Rec. Doc. 11-1 at 277.
Rec. Doc. 11-1 at 278.
The claimant returned to Dr. Franklin on April 1, 2013. His head and right knee pain had resolved but he continued to complain of neck, upper back, and low back pain. Dr. Franklin discussed the results of the MRIs with the claimant and recommended a spinal second opinion.
Rec. Doc. 11-1 at 288.
The claimant returned to see Dr. Franklin on April 29, 2013, May 28, 2013, June 25, 2013, July 22, 2013, and August 20, 2013. His symptoms and his medications remained the same.
Rec. Doc. 11-1 at 283-287.
When the claimant saw Dr. Franklin on September 17, 2013, Dr. Franklin added Robaxin to the medication regimen and continued the Flexeril and Ultram. Dr. Franklin noted that the claimant lacked cervical and lumbar range of motion and complained of pain in both of those areas.
Rec. Doc. 11-1 at 282.
The claimant returned to Dr. Franklin on November 4, 2013 and December 5, 2013, with unchanged symptoms, findings, and medications.
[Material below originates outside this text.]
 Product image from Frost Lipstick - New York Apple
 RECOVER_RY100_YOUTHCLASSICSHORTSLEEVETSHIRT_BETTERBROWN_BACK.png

Rec. Doc. 11-1 at 280-281.
On March 18, 2016, the claimant was examined by Dr. Andriette Fitch at the request of the state disability office. The claimant complained of intermittent throbbing and burning low back pain that radiated into both of his legs. He rated the pain at seven out of ten. He also complained of intermittent soreness and throbbing pain in his neck that did not radiate and worsened with different positions. He rated the neck pain at eight out of ten. He claimed that nothing worsened or alleviated his pain, and he denied taking any pain medication. The claimant reported that he was able to dress and feed himself, had difficulty standing for thirty to sixty minutes, had difficulty lifting more than ten to twenty-five pounds with his right arm, could climb only two or three steps, and was unable to sweep, mop, vacuum, mow the grass, or care for a yard. He stated that he could cook for thirty to sixty minutes and do dishes for fifteen to thirty minutes. He stated that he could write his name, but could not balance a checkbook. Dr. Fitch noted that the claimant could get up and out of a chair without difficulty and was able to get on and off the examination table without difficulty. She observed that his gait was normal. Dr. Fitch stated that the claimant's vision was grossly normal, but she also stated that his visual acuity was 20/200 without correction in both eyes, which is inconsistent because a person whose vision is 20/200 is legally blind. Sitting and supine leg raise tests were positive for both legs. Dr. Fitch found that the claimant had normal grip strength and normal fine and gross manipulative skills in both hands. His reflexes were normal, his motor strength was normal in all extremities, and his sensation was intact to pinprick and touch over his upper and lower extremities. Dr. Fitch found that the claimant had a normal range of motion in his cervical spine, but she noted that he had a limited range of motion in his lumber spine upon both forward flexion and extension. X-rays of his cervical spine showed narrowing of the disc space at C4-5 and C5-6 with cervical spondylosis. X-rays of the lumbar spine showed L4-5 anterolisthesis, mild scoliosis, and disc space narrowing at L1-2 and L4-5. In Dr. Fitch's opinion, the claimant was capable of standing and walking frequently in an eight-hour work day, had a limited ability to bend or stoop, and could lift or carry less than five pounds on a frequent basis with either arm.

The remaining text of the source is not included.